Approval of Ethereum spot ETFs marks a significant milestone for Bitcoin adoption, asserts MicroStrategy executive chairman Michael Saylor during his recent appearance on the What Bitcoin Did podcast. Saylor, a prominent Bitcoin investor, has consistently advocated for Bitcoin as the premier cryptocurrency for storing value, previously assuming that no other assets would attain regulatory legitimacy in the United States. However, recent developments indicate a shift in the country’s regulatory stance towards the cryptocurrency industry, reflecting a more accommodating approach.
Michael Saylor Wrong On Ethereum ETFs
“In the current landscape, the best expectation is that the crypto asset class will gain legitimacy and bipartisan support,” remarked Saylor during the interview. “Many aspects will be viewed in a more favorable light, with Bitcoin emerging as the leader of this asset class.”
This revised forecast contrasts sharply with Saylor’s earlier remarks at MicroStrategy World, where he confidently stated that Ether, the second-largest cryptocurrency, would not receive regulatory approval and would likely be labeled an unregistered security.
“At that time, I believed Ether would never be approved for a spot ETF, nor accepted by Wall Street or institutional investors,” he declared. “Bitcoin stands alone as the universally acknowledged institutional-grade crypto asset. There won’t be another like it.”
Previously, Bloomberg ETF experts had also expressed skepticism about the approval of Ether ETFs. However, regulators unexpectedly initiated discussions with issuers on their applications last week after months of silence. On Thursday, the agency granted approval for exchanges to list these funds, a move legal experts interpret as confirming Ether’s status as a non-security.
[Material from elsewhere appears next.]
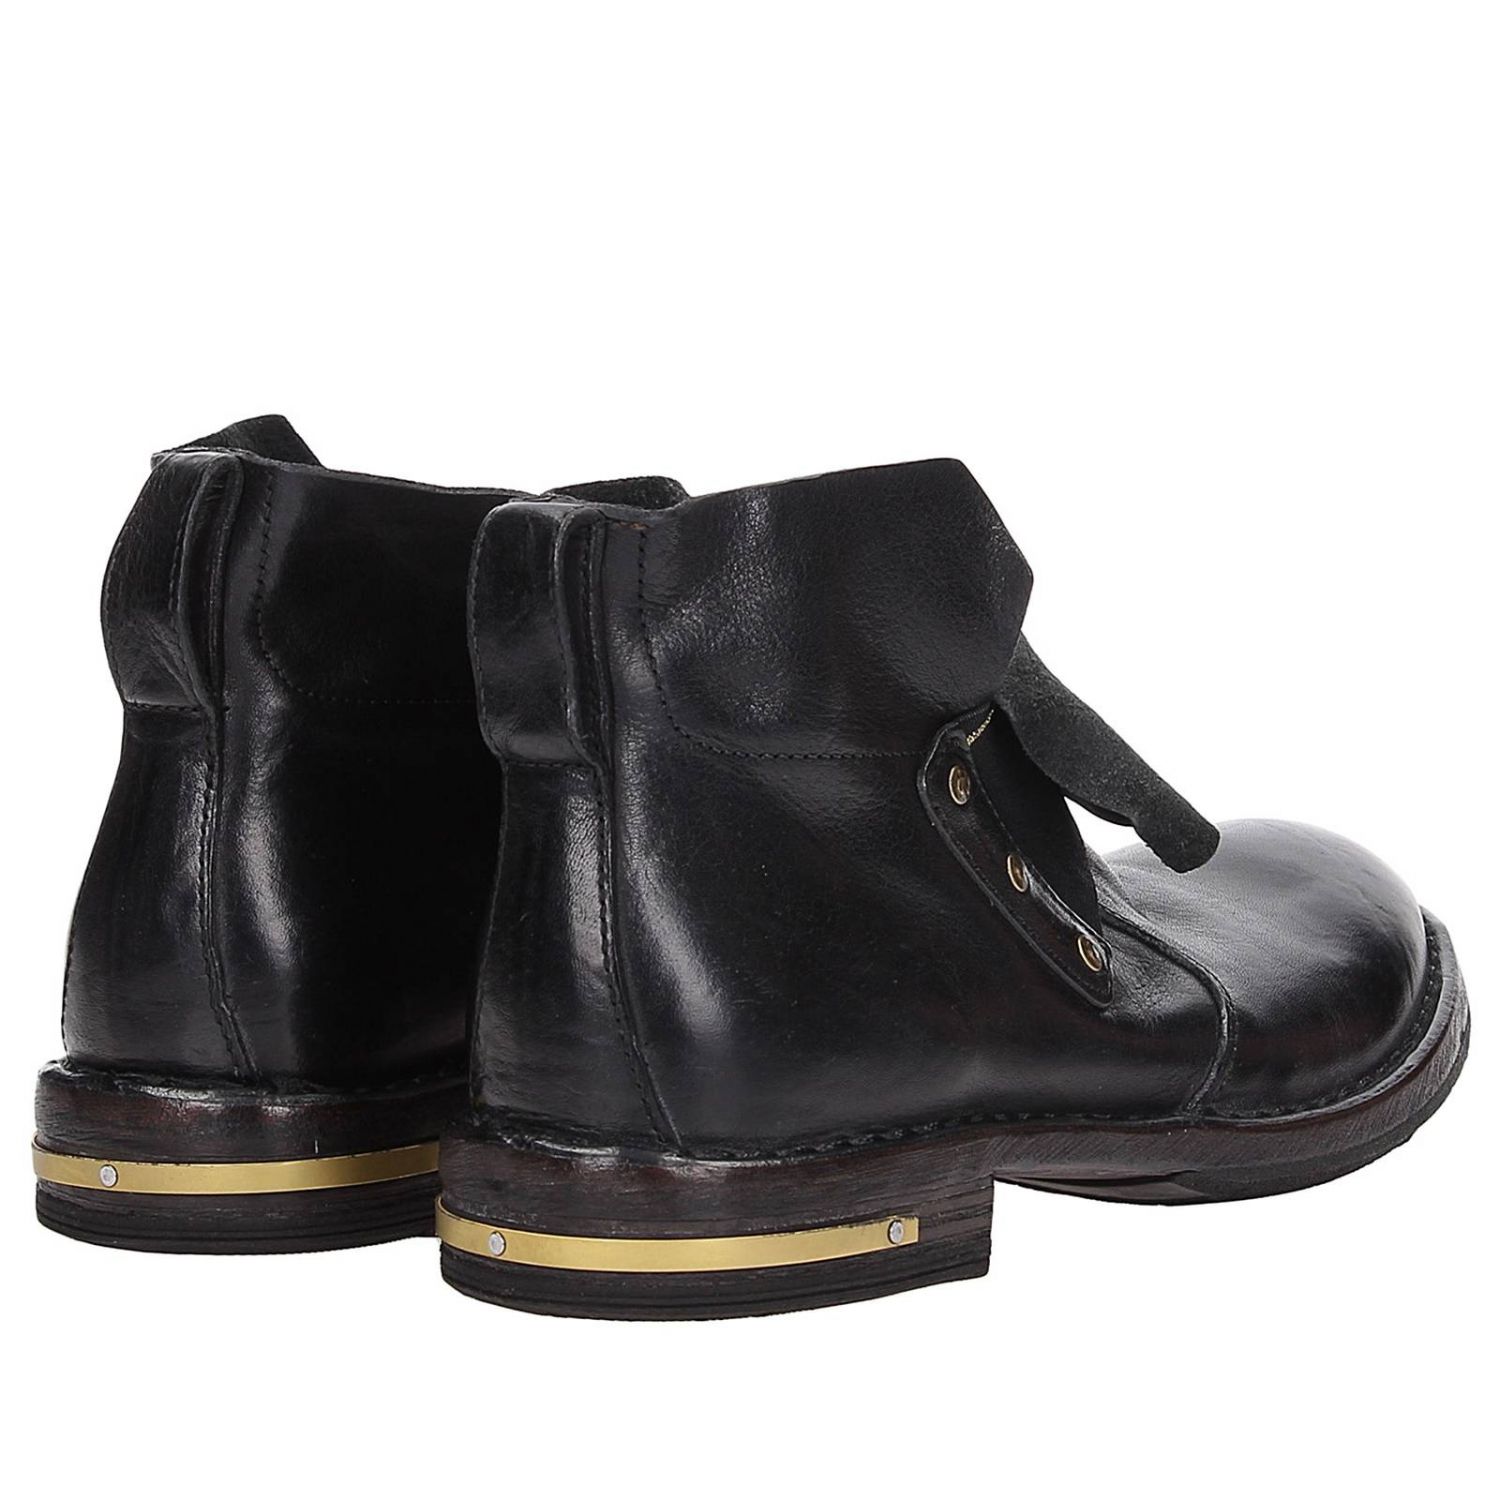 Moma Outlet: Flat booties women - Black | Flat Booties Moma 81806 ...

Changing Political Winds On Crypto
Saylor attributes the Securities and Exchange Commission (SEC)’s shift in stance, as well as that of the Biden administration, to a confluence of political developments in May.
Firstly, bipartisan legislation passed in both the House and Senate allowing banks in the United States to offer crypto custody services.
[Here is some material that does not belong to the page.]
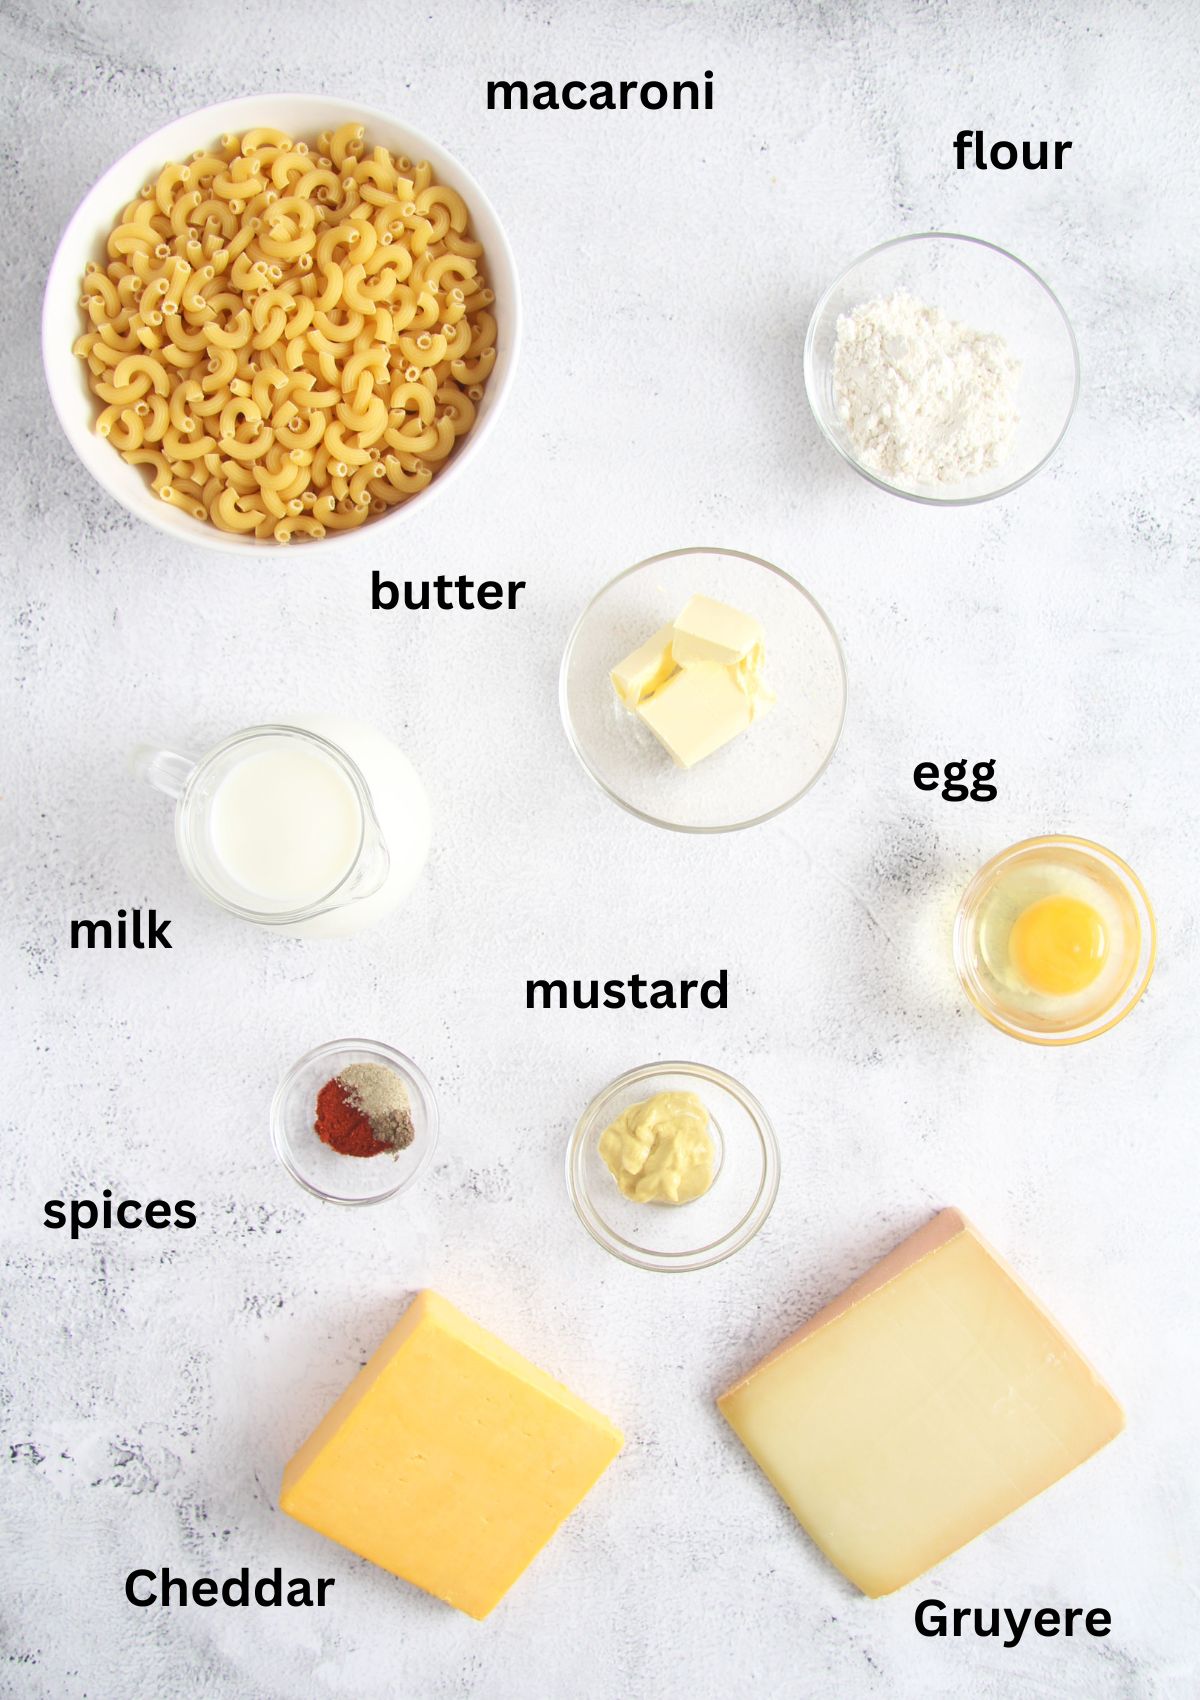 listed ingredients for making macaroni with cheese old-fashioned way.

Following this, the House of Representatives approved FIT21, a comprehensive bill establishing a legal framework for crypto issuers and companies to operate within the bounds of the law.
Furthermore, former President Donald Trump voiced strong support for safeguarding citizens’ rights to hold cryptocurrencies if re-elected, pledging to counteract the Democratic party’s more adversarial position.
“I believe this is advantageous for Bitcoin – perhaps even more so, as we’re now backed by the entire crypto industry,” remarked Saylor. “In fact, I think it could expedite institutional adoption.”